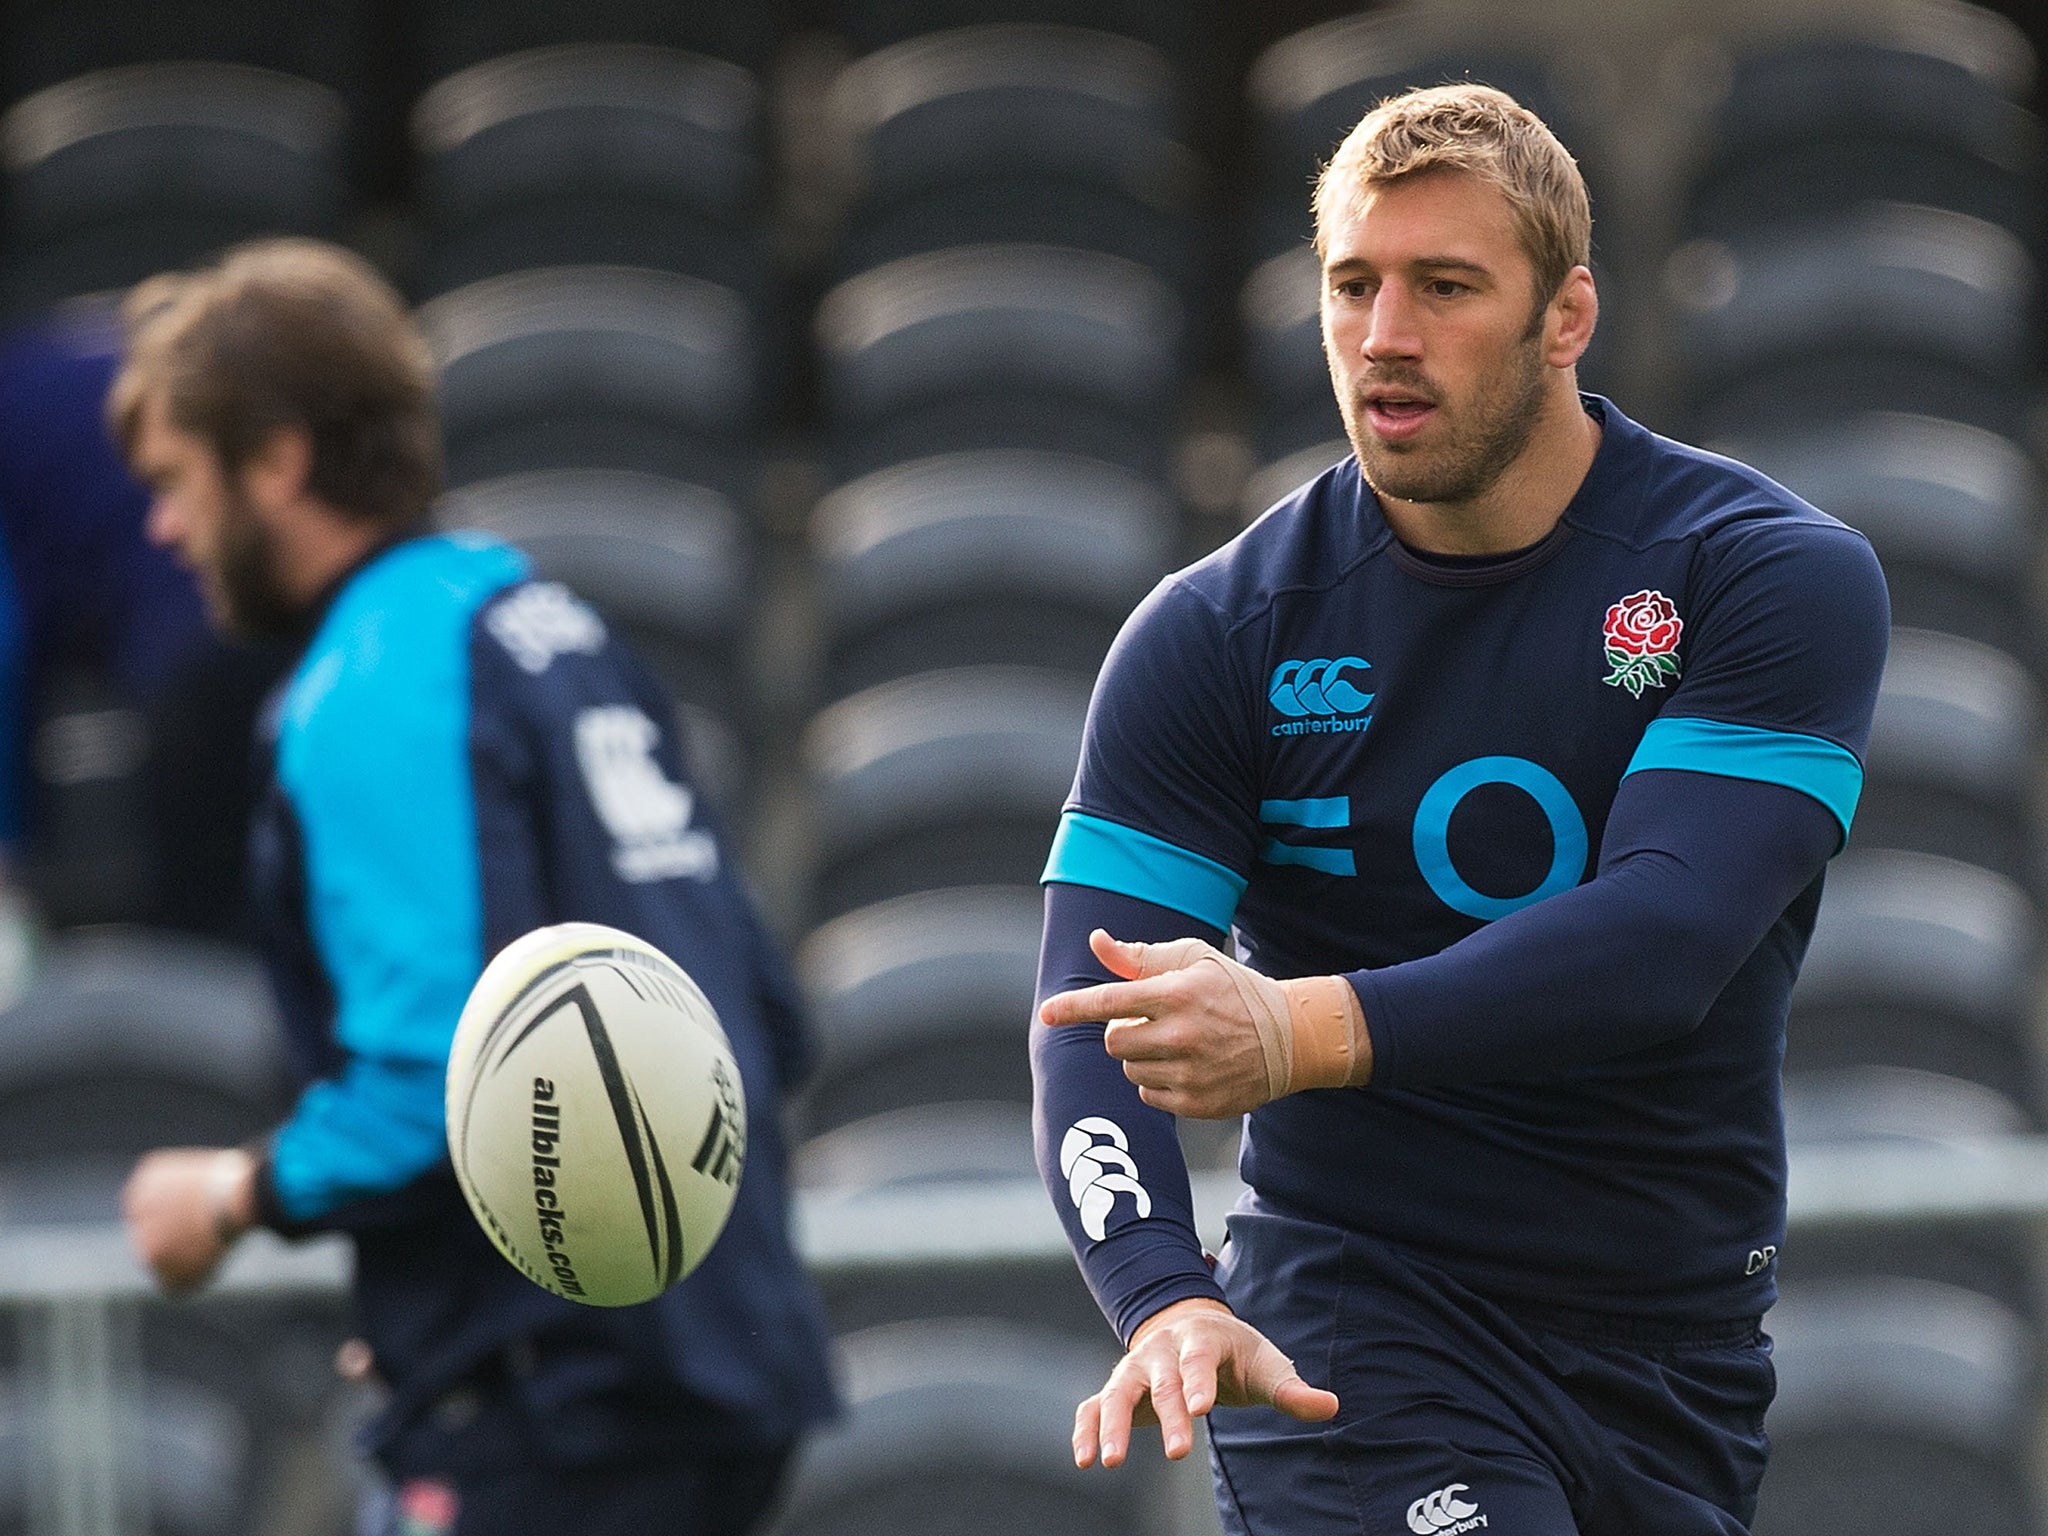 England captain Chris Robshaw warms up
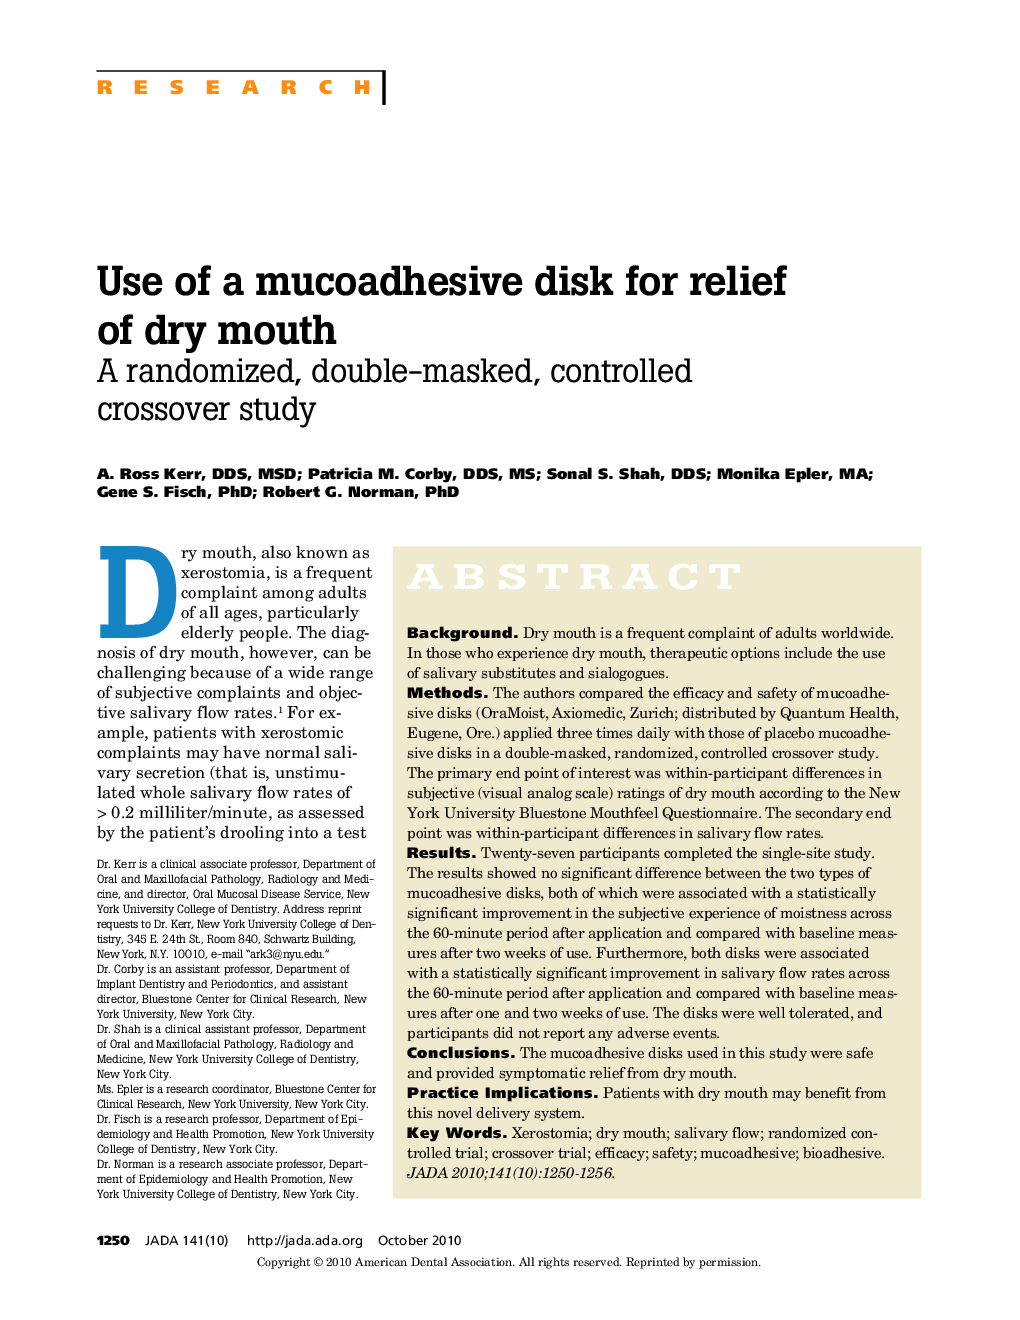 Use of a Mucoadhesive Disk for Relief of Dry Mouth
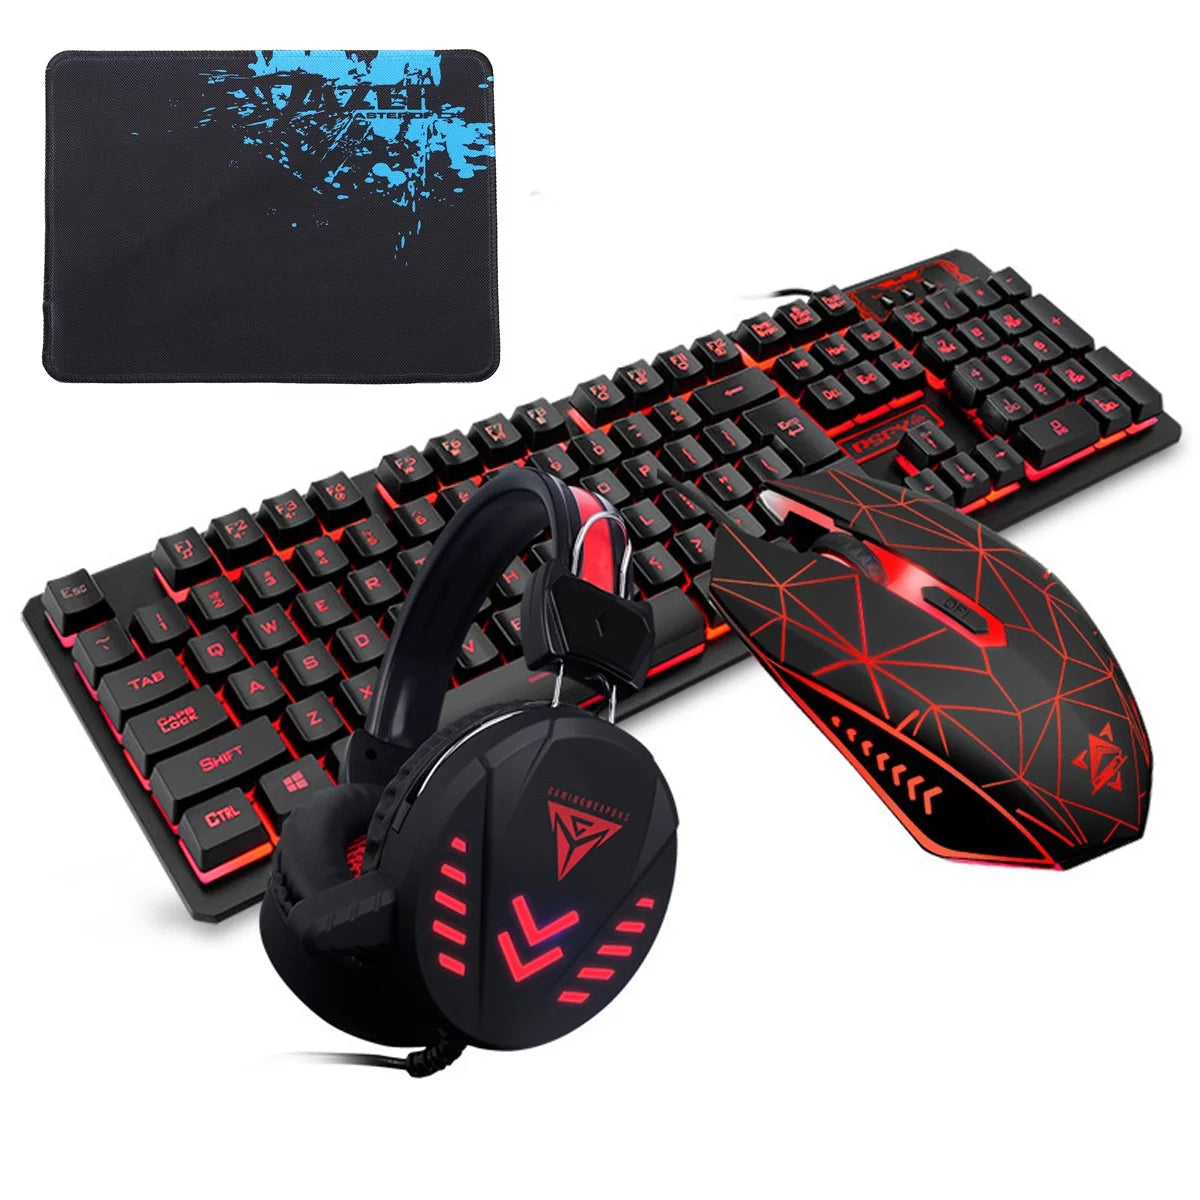 Gaming Keyboard and Mouse Combo with Headset, K59 RGB Backlit 3 Colors Keyboard, 6 Button 4DPI USB Wired Gaming Mouse, Lighted Gaming Headset with Microphone Set for Gamer
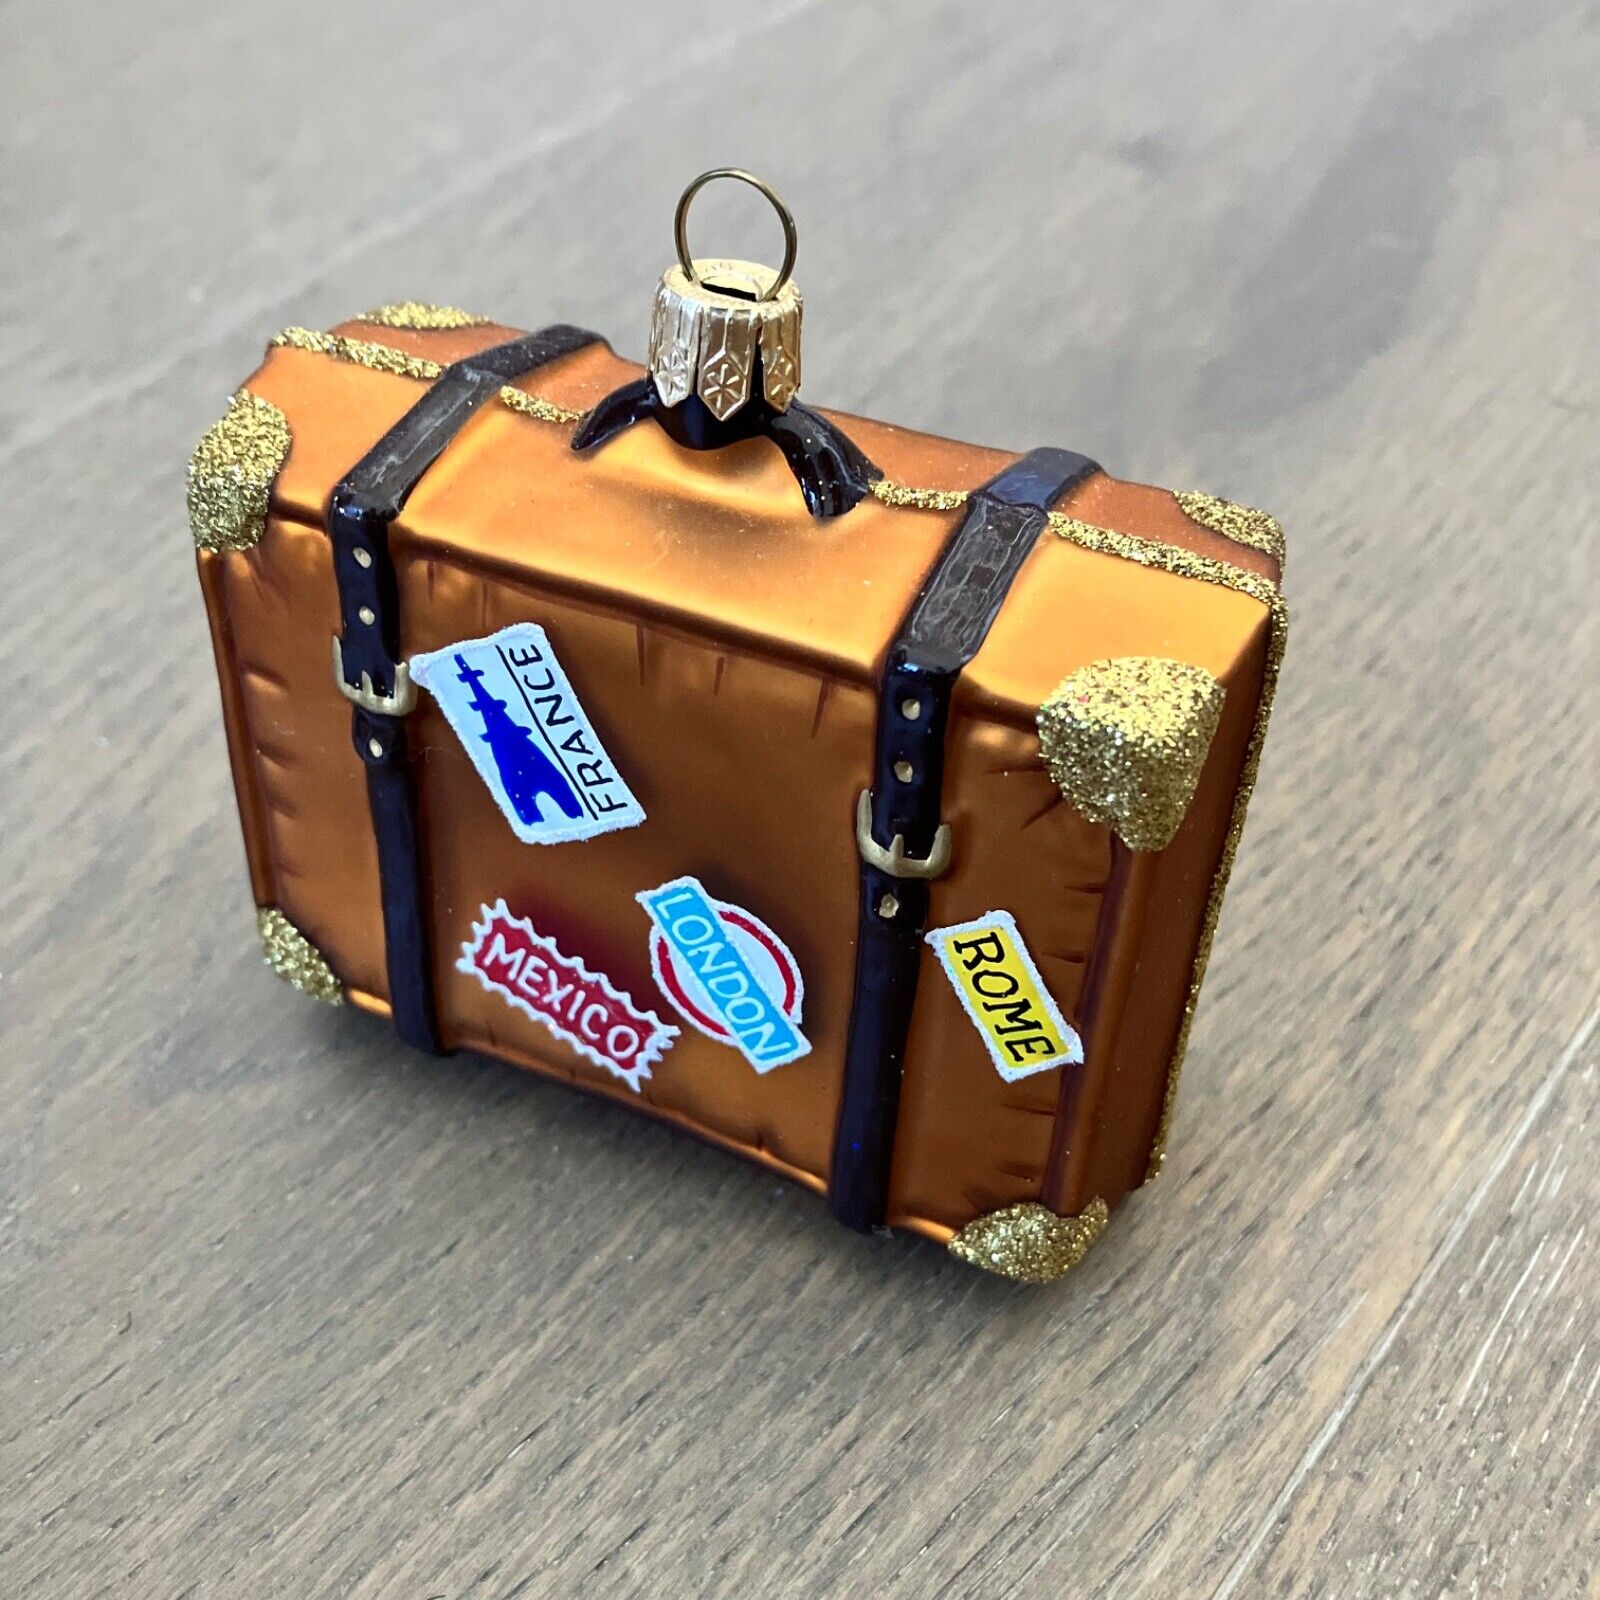 Orange Suitcase with Travel Stickers Christmas/Holiday Ornament - Blown Glass

### Task prompt
Give back an exact copy of the material above, omitting the pictures.

### Task output
 England captain Chris Robshaw warms up
 Use of a Mucoadhesive Disk for Relief of Dry Mouth
 Gaming Keyboard and Mouse Combo with Headset, K59 RGB Backlit 3 Colors Keyboard, 6 Button 4DPI USB Wired Gaming Mouse, Lighted Gaming Headset with Microphone Set for Gamer
 Orange Suitcase with Travel Stickers Christmas/Holiday Ornament - Blown Glass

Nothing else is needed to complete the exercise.